Two-step prorenin-renin conversion. Isolation of an intermediary form of activated prorenin.

Prorenin is an inactive form of the aspartic protease renin. Like pepsinogen, it is activated at low pH. The kinetics of acid activation of prorenin were studied in human amniotic fluid and plasma and in preparations of purified prorenin isolated from amniotic fluid and plasma. Conversion of prorenin (pR) into active renin (R) appeared to be a two-step process involving the generation of an intermediary form of activated prorenin (pRa). The pR----pRa step is an acid-induced reversible change in the conformation of the molecule, and the pRa----R step is proteolytic. pRa----R conversion occurred in amniotic fluid at low pH by the action of an endogenous aspartic protease. In plasma pRa----R conversion occurs after restoration of pH to neutral and is caused by the serine protease plasma kallikrein. pRa----R conversion did not occur in purified preparations of prorenin.

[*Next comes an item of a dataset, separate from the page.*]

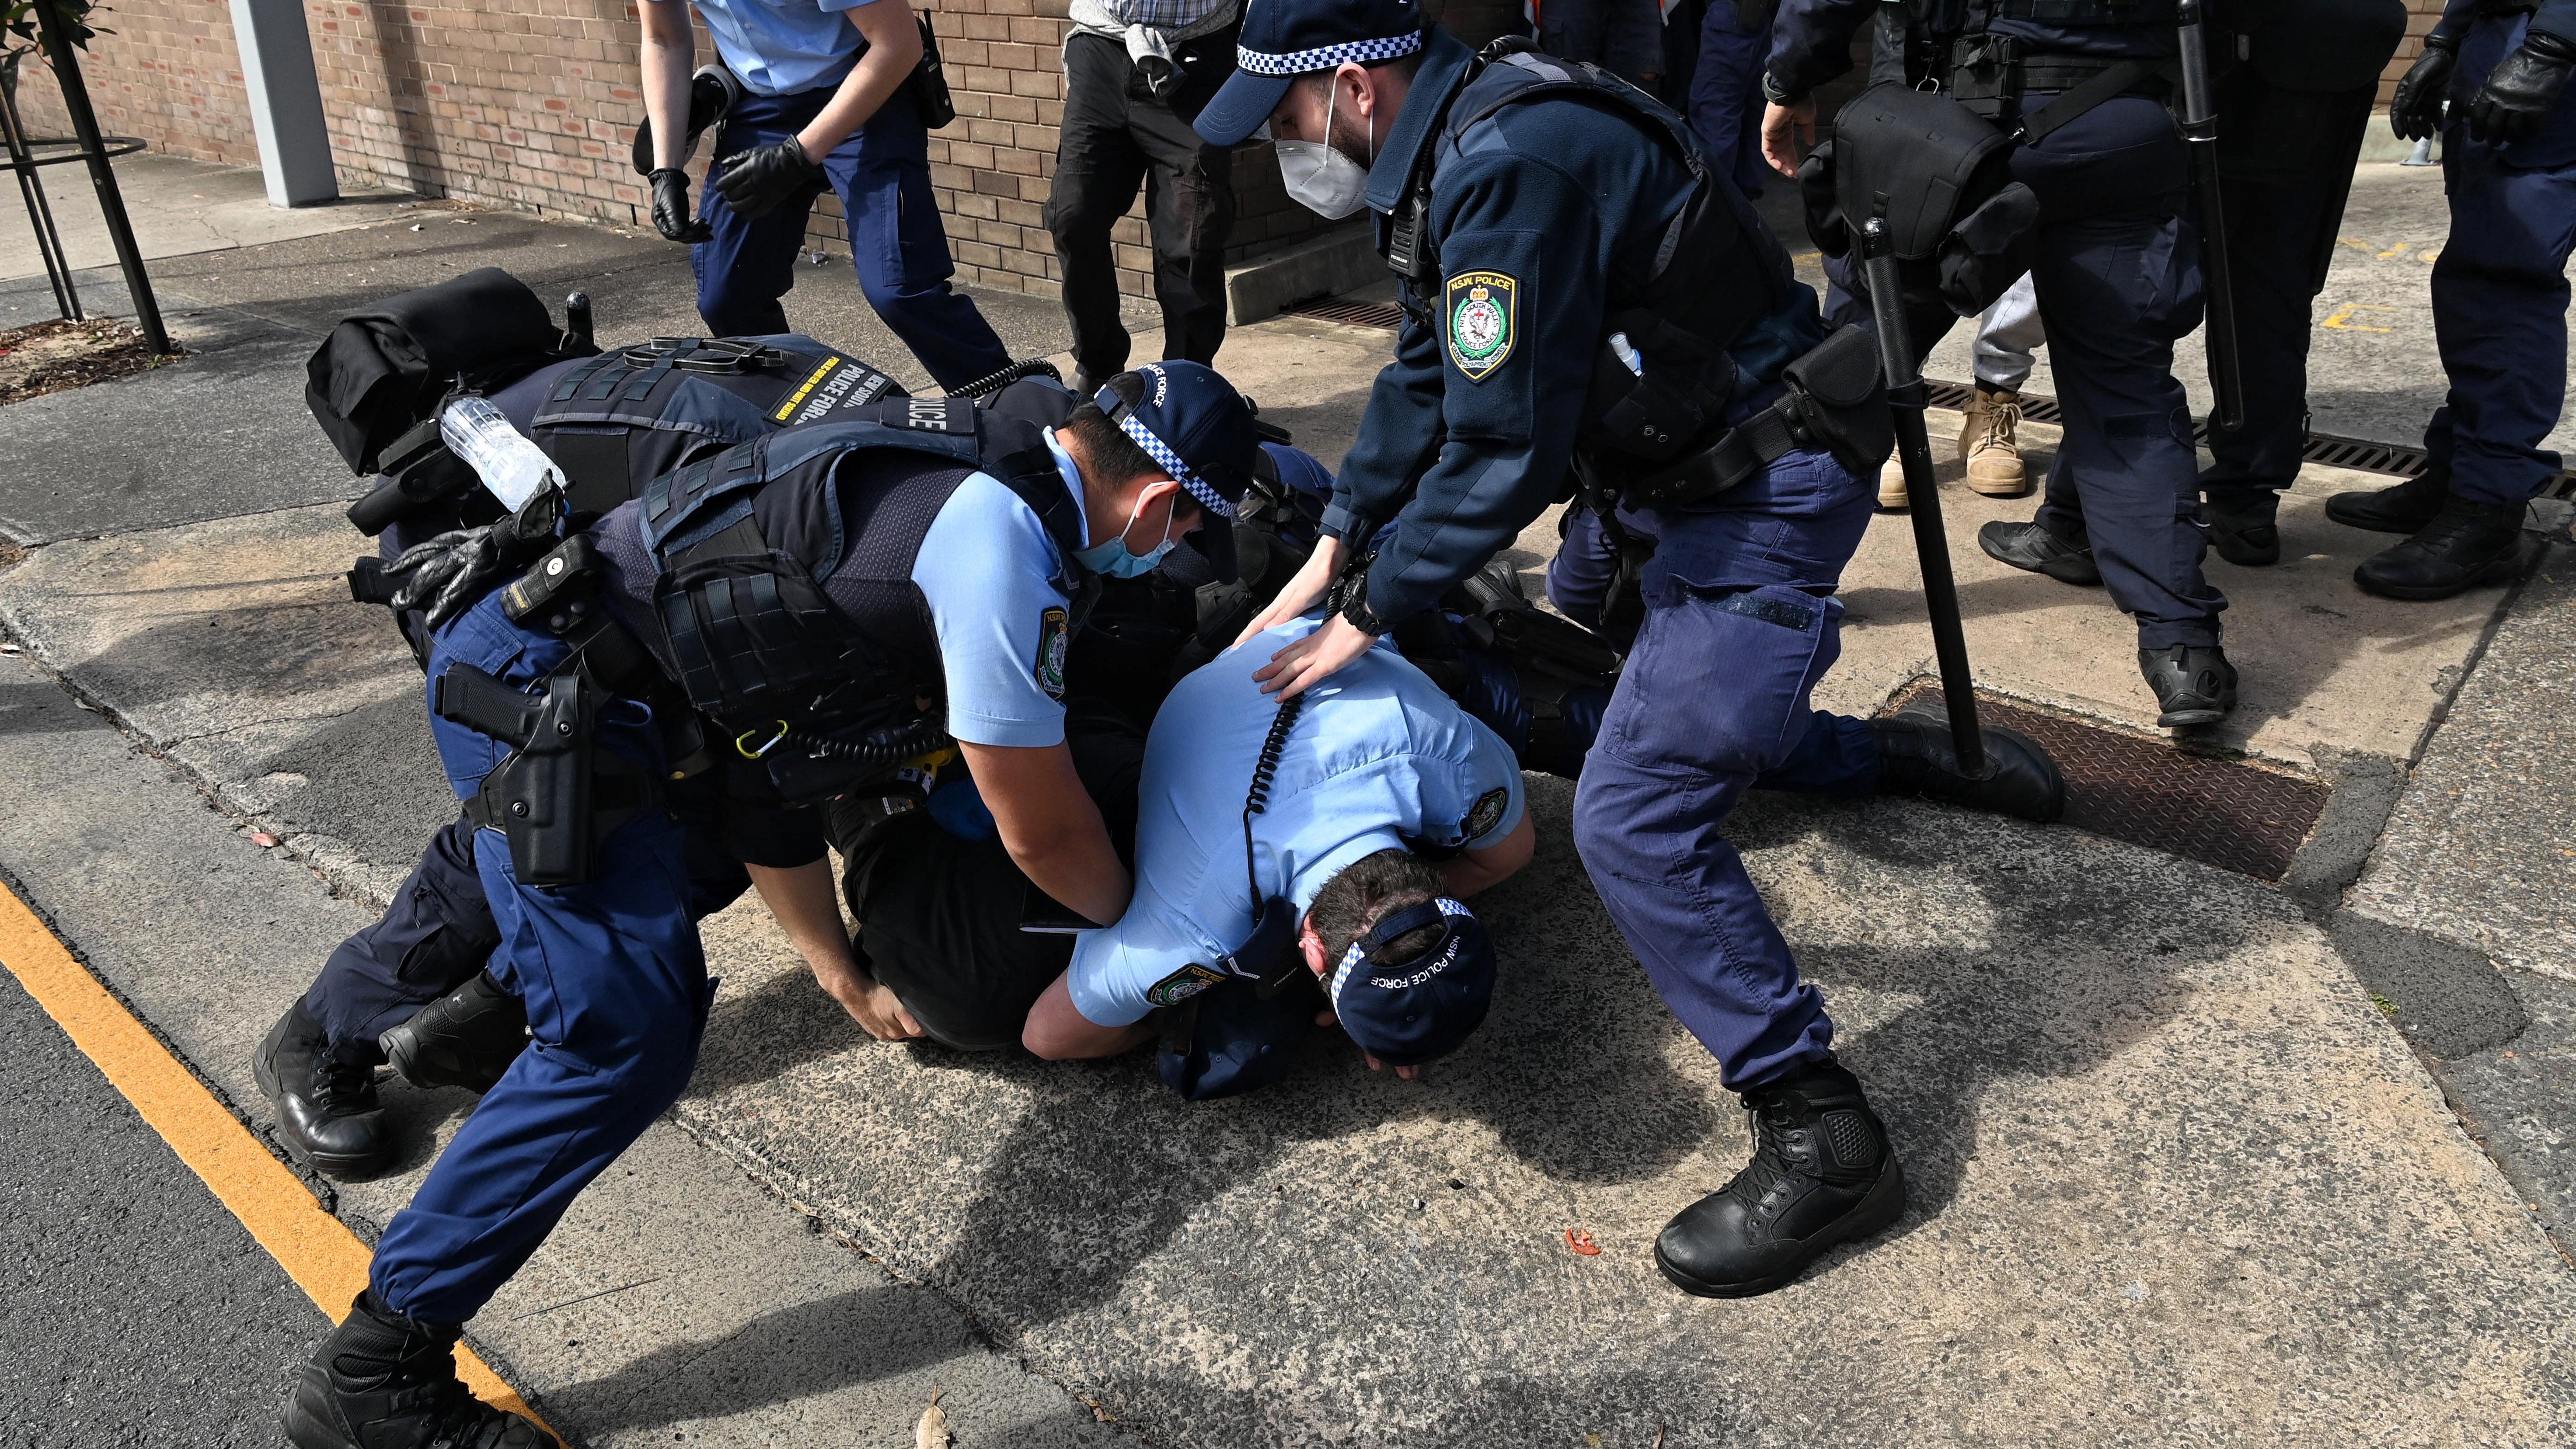 Police arrest protestors at Victoria Park in Sydney.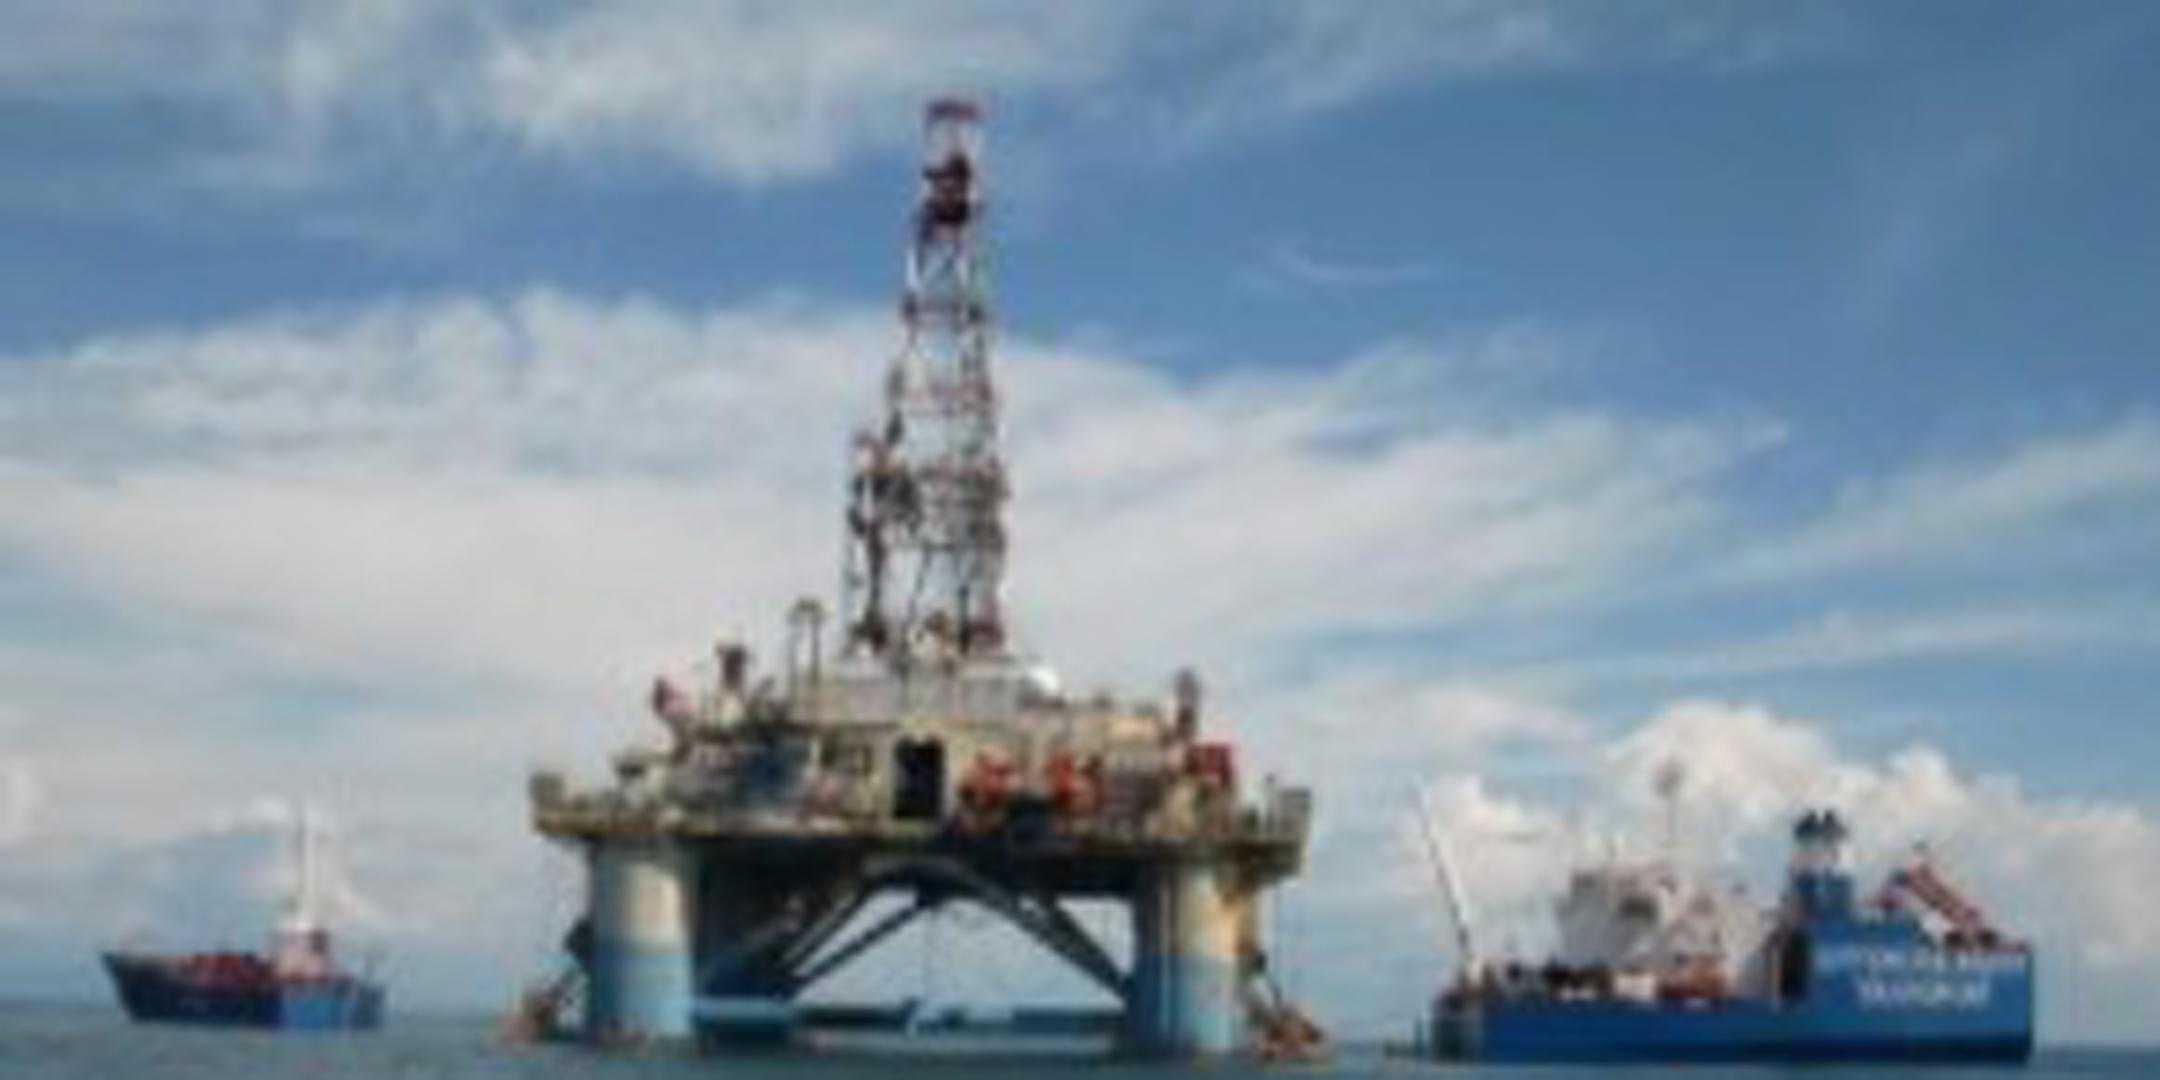 HPHT Well Design & Drilling Operations: Istanbul Etkinlik Afişi

Thus, in contrast to pepsinogen, the acid-induced reversible conformational change is not followed by autocatalysis. pRa of amniotic fluid and plasma could be separated from R by affinity chromatography on Cibacron blue F3GA-agarose, and R but not pRa was detected by an immunoassay using monoclonal antibodies reacting with R and not with pR. The first-order rate constant for pR----pRa conversion depends on the protonation of a polar group (or groups) with pK approximately 3.4, the rate constant being proportional to the fraction of pR molecules that have this group protonated. This is analogous to the reversible acid-induced conformational change of pepsinogen that occurs before its proteolytic conversion into pepsin. kcat/Km for pRa----R conversion by plasmin and plasma kallikrein at pH 7.4 and 37 degrees C was 7.8 X 10(6) and 5.2 X 10(6) M-1 min-1, respectively, which was about 50-70 times greater than for pR----R conversion. The susceptibility of pRa to proteolytic attack is high enough for the intrinsic factor XII-kallikrein pathway to cause rapid pRa----R conversion at 37 degrees C even in whole blood with its abundance of serine protease inhibitors. Formation of pRa may occur in vivo in an acidic cellular compartment, such as exo- or endocytotic vesicles.